__DESCRIPTION OF THE TASK__
Would you write out the full listing exactly, without any pictures?

__DATA EXTRACT__

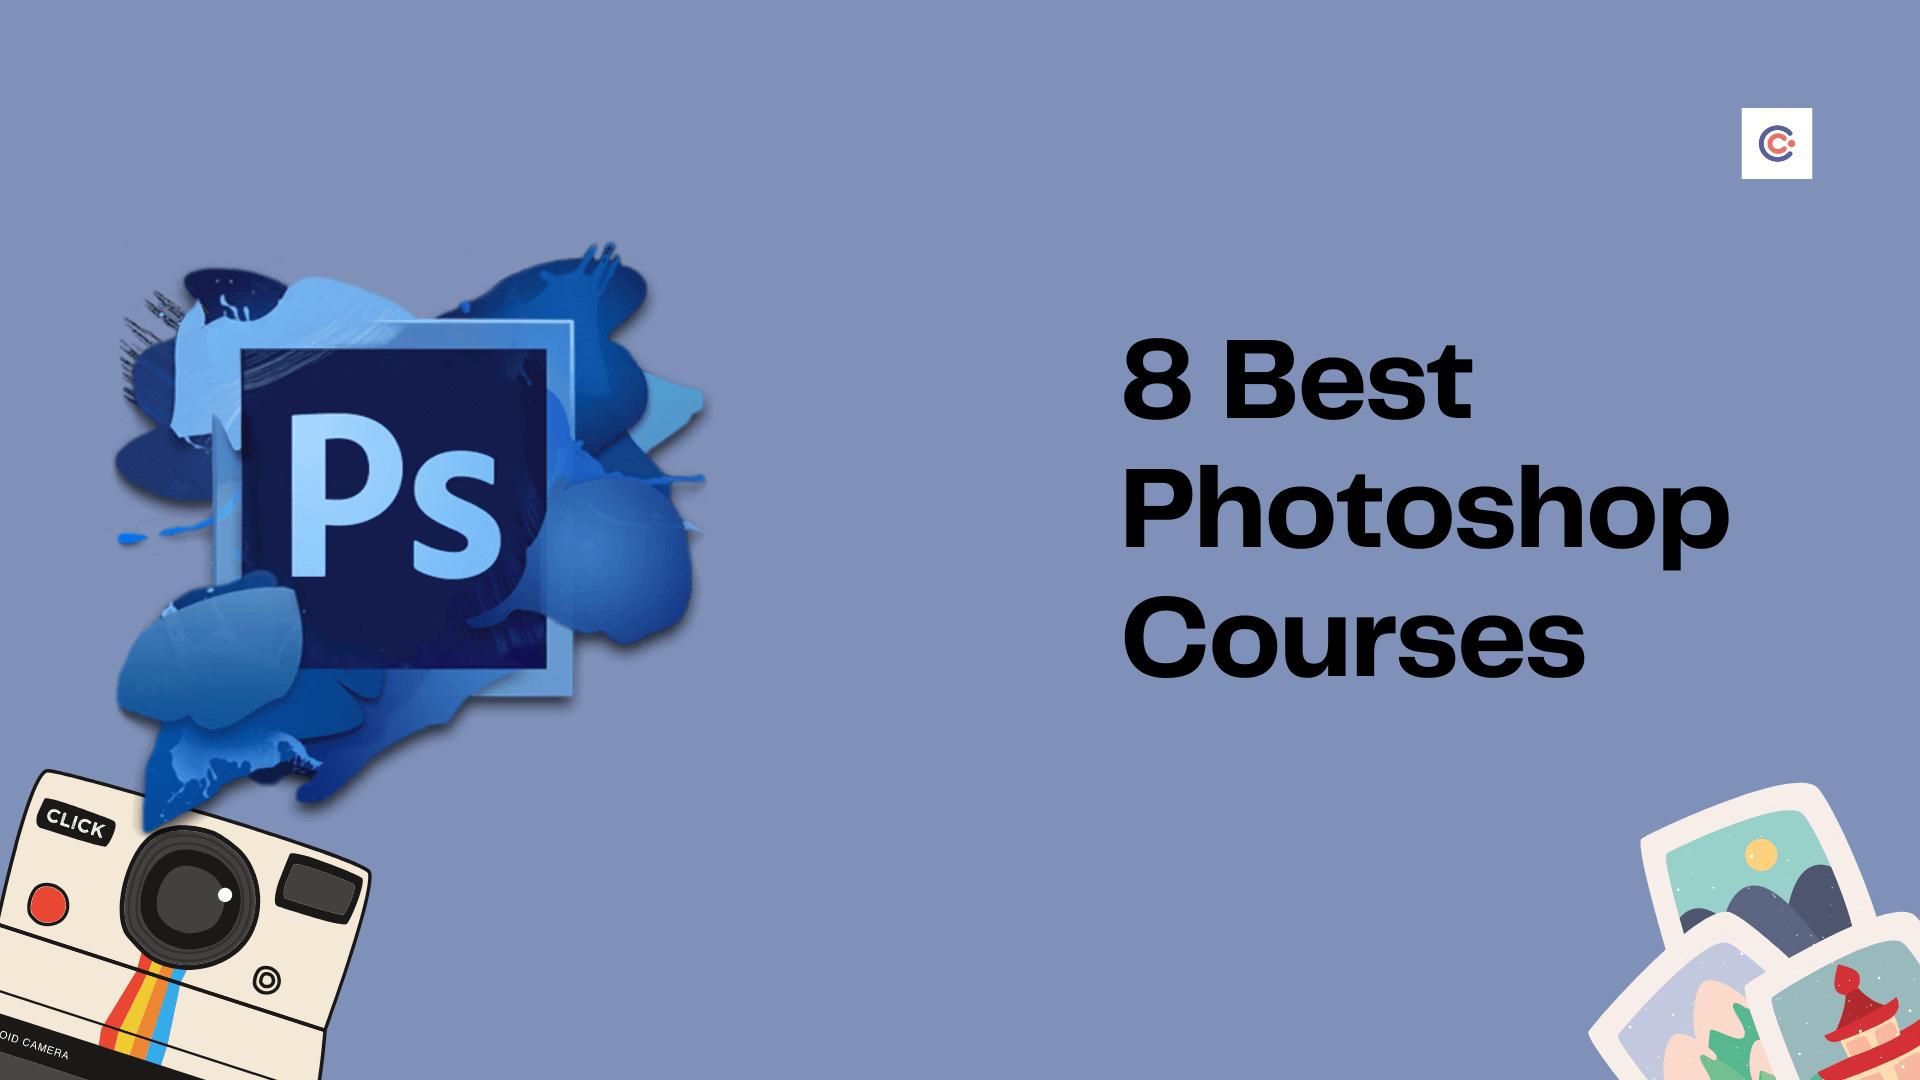 8 Best Photoshop Tutorials - Learn Photoshop Online
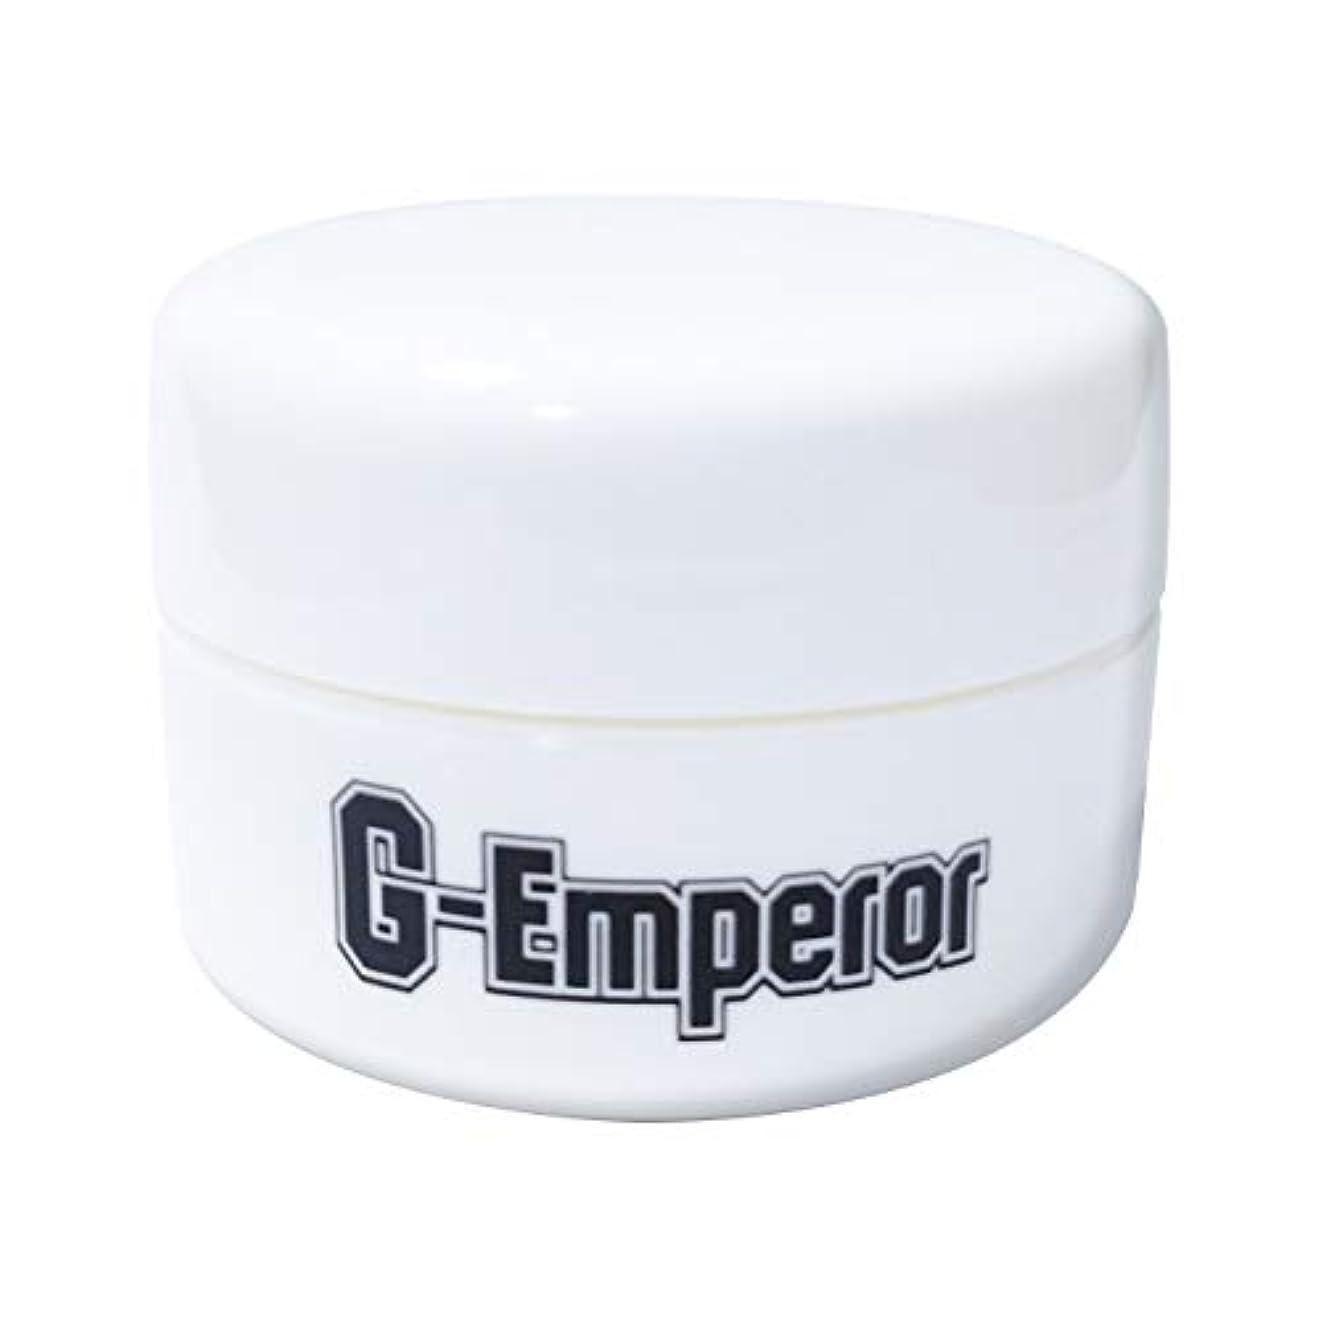 連続した焦がす強要G-Emperor ジーエンペラー ボディ用クリーム 男性用 早さ 感度 自信
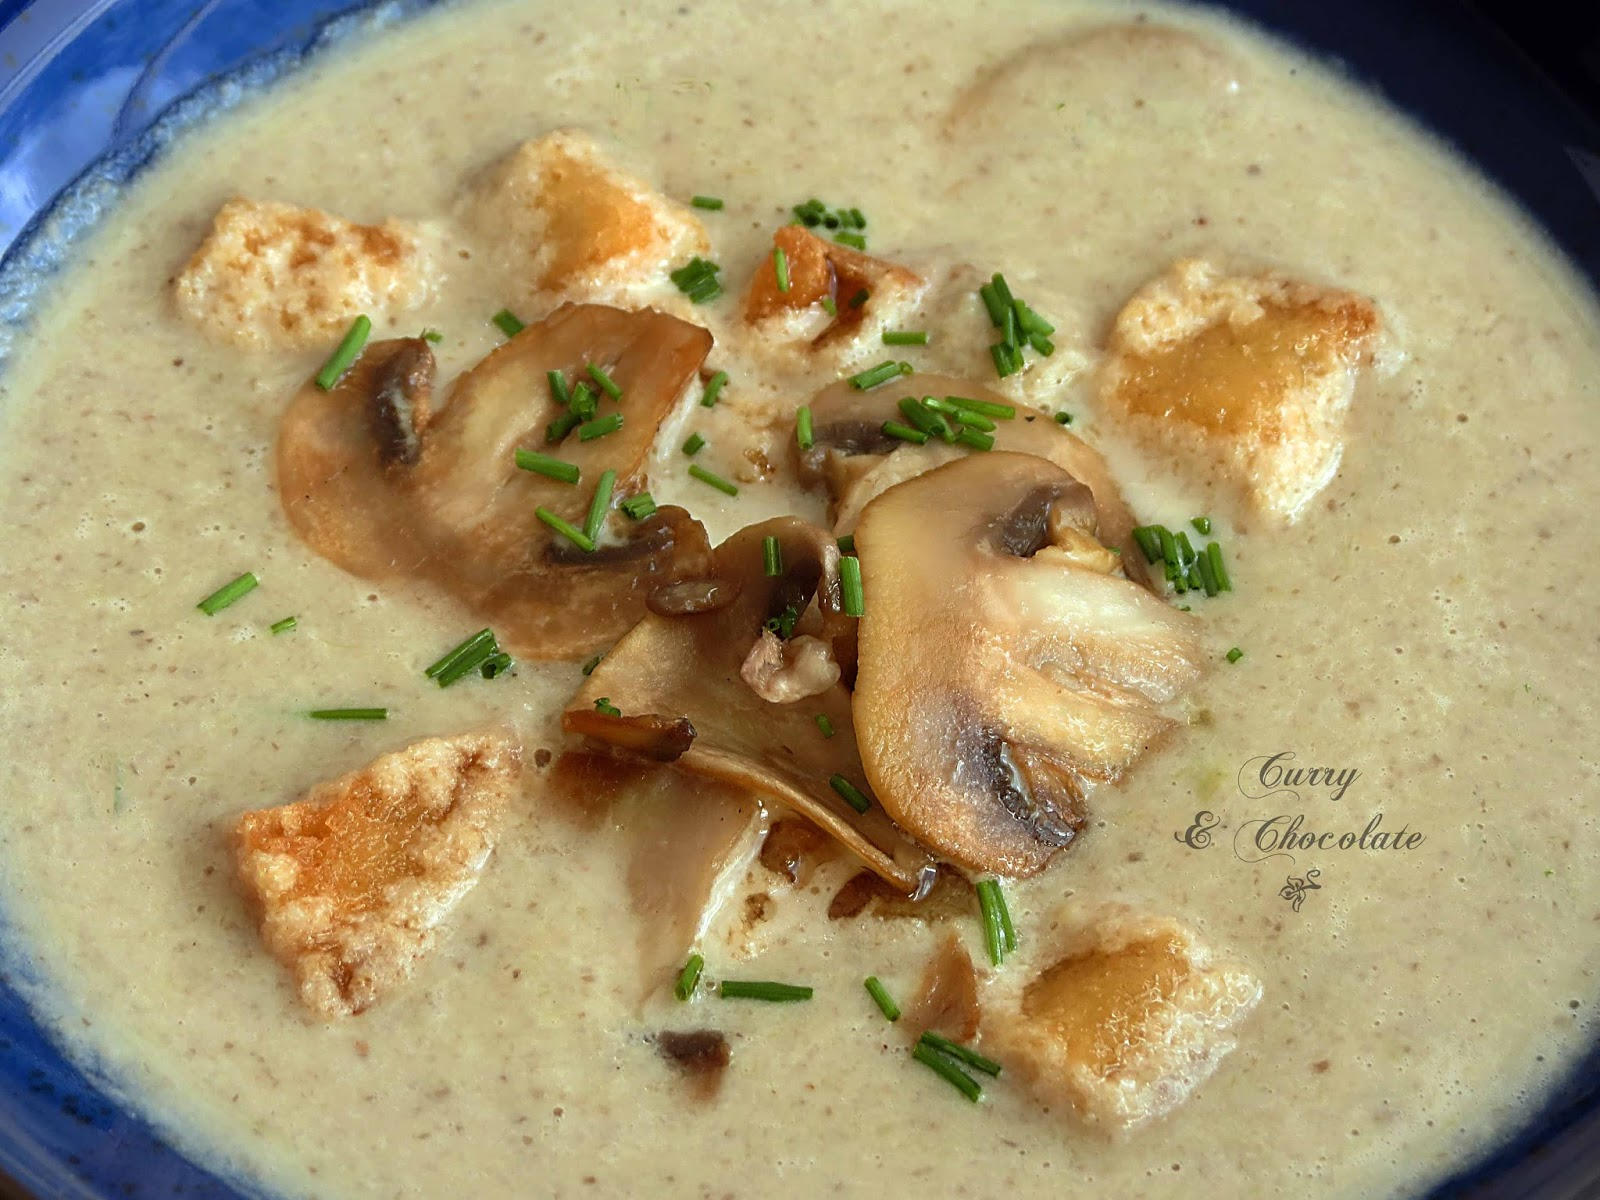 Sopa de champiñones con puerro - Mushroom and leek soup

__ANSWER BELOW__
 8 Best Photoshop Tutorials - Learn Photoshop Online
 連続した焦がす強要G-Emperor ジーエンペラー ボディ用クリーム 男性用 早さ 感度 自信
 Sopa de champiñones con puerro - Mushroom and leek soup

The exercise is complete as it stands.